Accomplishments that we're proud of

  • Successfully built an integrated pipeline combining anomaly detection with NLP classification.
  • Engineered a rich set of features (temporal, sentiment, rating deviations, exclamation use, etc.) that improved anomaly detection.
  • Achieved over 95.4% accuracy in the baseline BERT model (though with noted class imbalance issues).
  • Designed a fusion strategy to combine detectors, improving robustness and balancing precision vs. recall.

What we learned

  • Accuracy alone is not a good metric for highly imbalanced problems; precision, recall, and PR-AUC are much more meaningful.
  • Hybrid approaches (unsupervised + supervised) provide stronger results than relying on one method alone.
  • Feature engineering, even simple rule-based signals (like excessive exclamation marks), can significantly aid in spam detection.
  • Handling imbalance and noisy labels is one of the hardest but most important challenges in real-world ML.

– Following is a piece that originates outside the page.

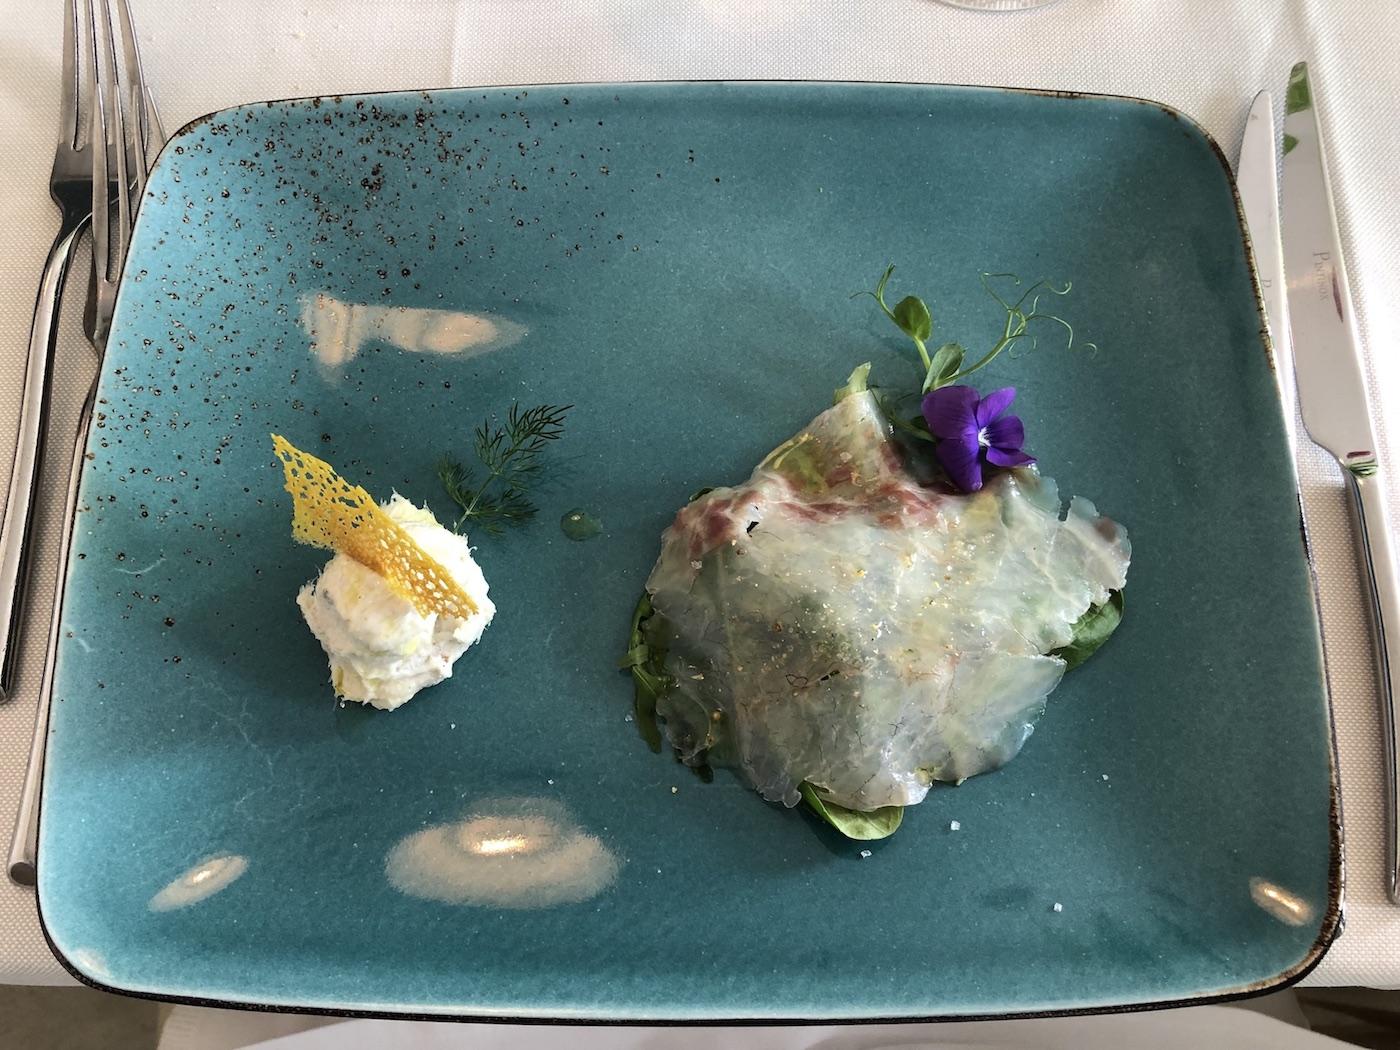 Baccalà mantecato e carpaccio di branzino serviti come antipasto alla Bottega dei sapori

What's next for Spam Review Detection System

  • Implement rebalancing strategies such as oversampling, class weights, or data augmentation for minority (spam) reviews.
  • Fine-tune and extend the NLP stage with models like RoBERTa or DistilBERT for better generalisation.
  • Explore semi-supervised and active learning to refine pseudo-labels with minimal human review.
  • Test and benchmark against more real-world datasets (Yelp, Amazon, Twitter) for broader applicability.
  • Develop monitoring dashboards for practical deployment to track model performance and adapt to evolving spam strategies.